The RIA report points out that there was $1.5 trillion in AUM incorporating environmental, social and corporate governance (ESG) factors in Canada as of Dec. 31, 2015. This represents a 49% increase from $1 trillion two years earlier, while individual investors’ AUM has almost doubled (up by 91%) over that same period, to $118 billion from $62 billion. As a result of this strong growth, RI AUM represents 38% of total Canadian investment industry AUM, up from 31% as of Dec. 31, 2013.
This strong growth is attributable to several factors, the report notes, including increased engagement from investment managers, as demonstrated by the rise in Canadian investment managers that have signed on to the United Nation’s Principles for Responsible Investment (UNPRI), and a proliferation of RI-related products and services.
Moreover, there’s a growing awareness of the importance of ESG factors, the report says, thanks to research that demonstrates the link between RI and higher long-term returns as well as high-profile cases (such as the Volkswagen emissions scandal) that have proven the importance of these considerations for investors.
In addition, pension funds, which account for three quarters of the growth in RI AUM, are incorporating ESG factors increasingly into their investment decisions, the report says.

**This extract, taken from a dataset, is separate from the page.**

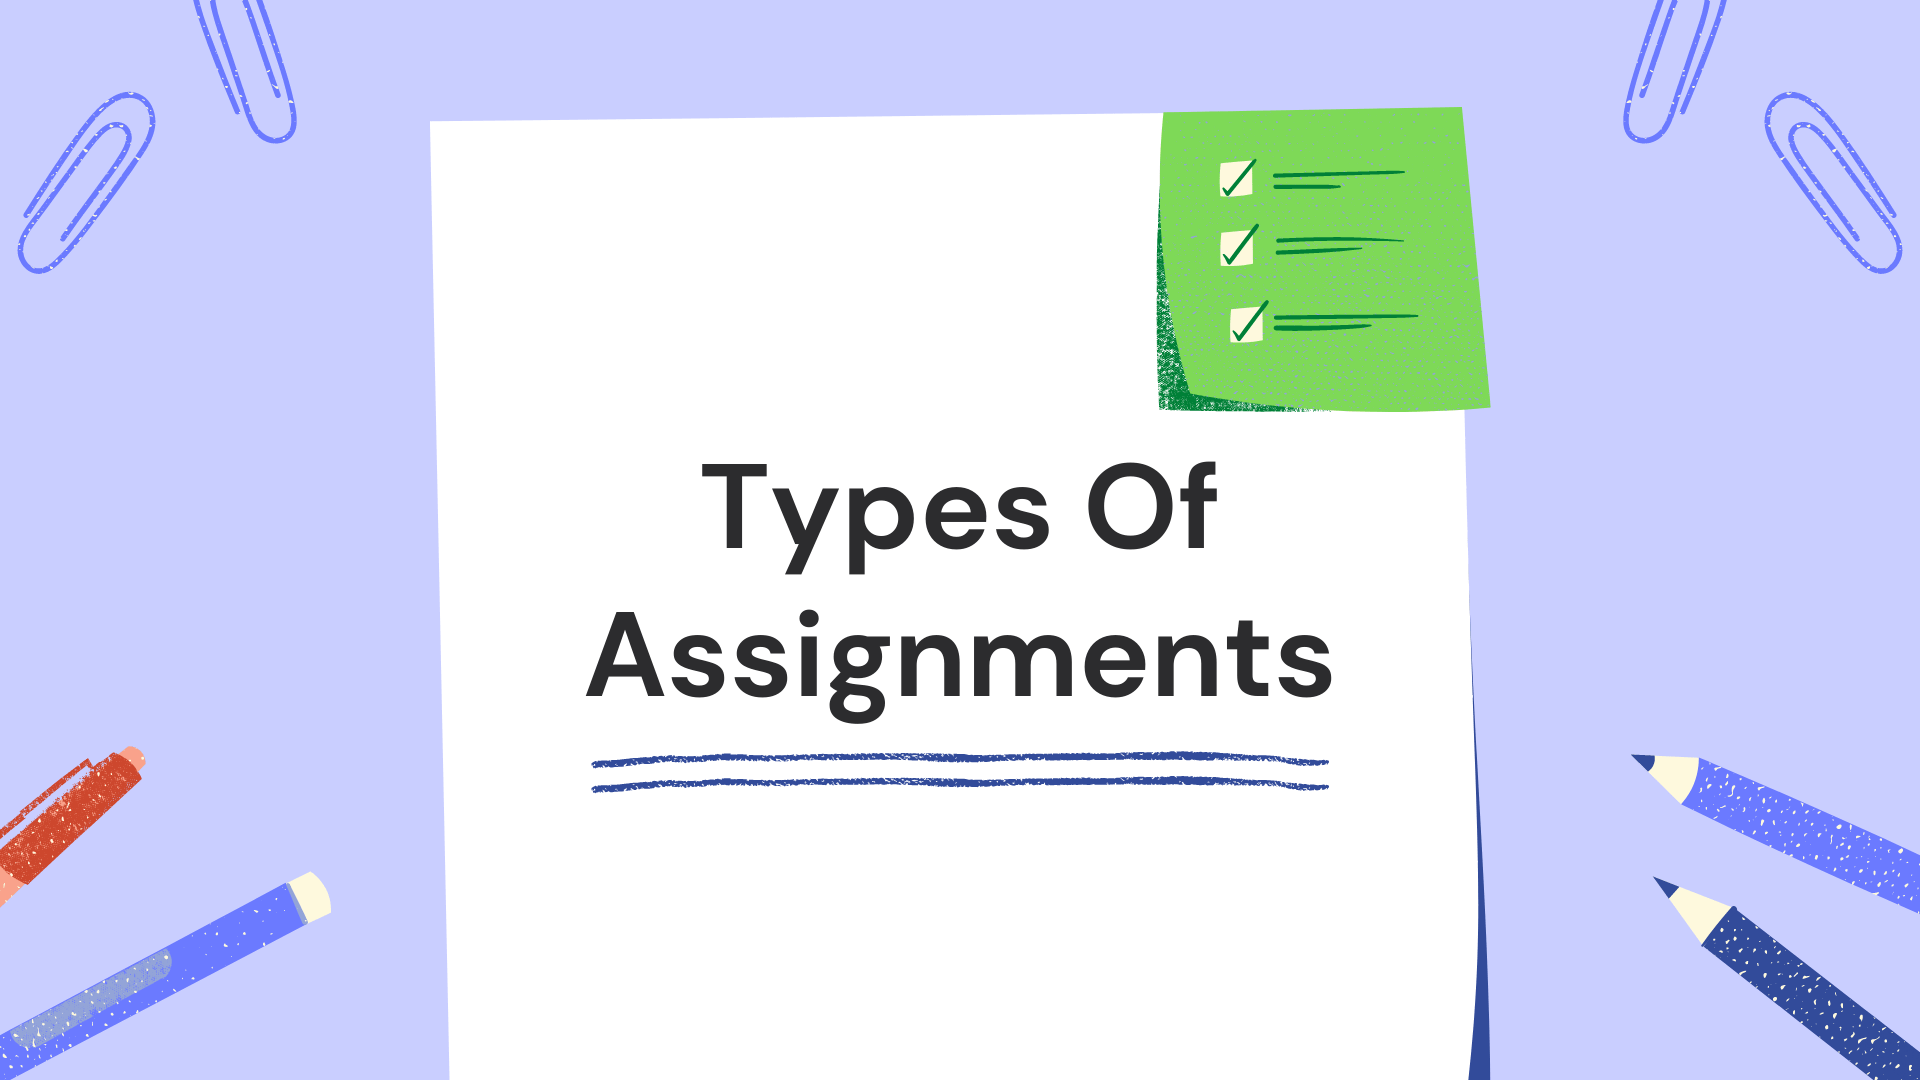 Types Of Assignments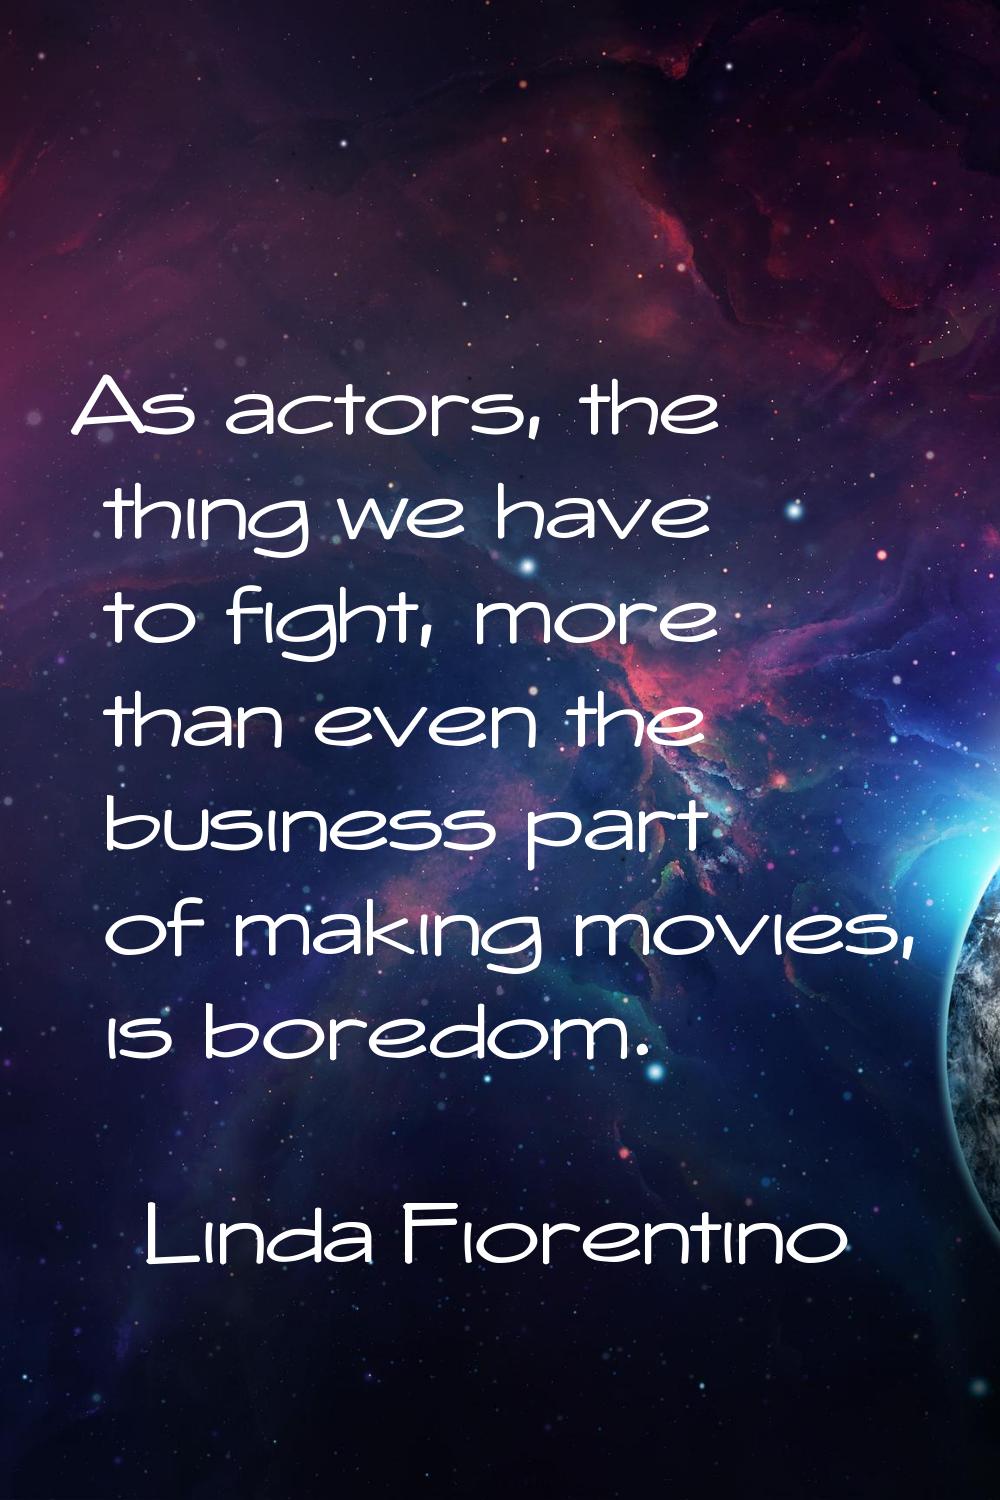 As actors, the thing we have to fight, more than even the business part of making movies, is boredo

The millennial generation is also much more open to ESG investing than previous generations, such as Baby Boomers.
Looking ahead, the RIA report says its survey of asset managers and investors in the autumn of 2016 found continued optimism about the RI industry’s outlook for 2017 and 2018. It reports that 80% of survey participants expect either moderate or high levels of growth over the next two years. Only 15% expect low growth; 6% expect the industry to remain flat; and no survey participants expect the industry to contract.
Among asset managers, 59% said that they are considering launching new ESG-themed products in the years ahead, the report says: “The majority of new products named by survey participants involve fossil-fuel free or low-carbon strategies.”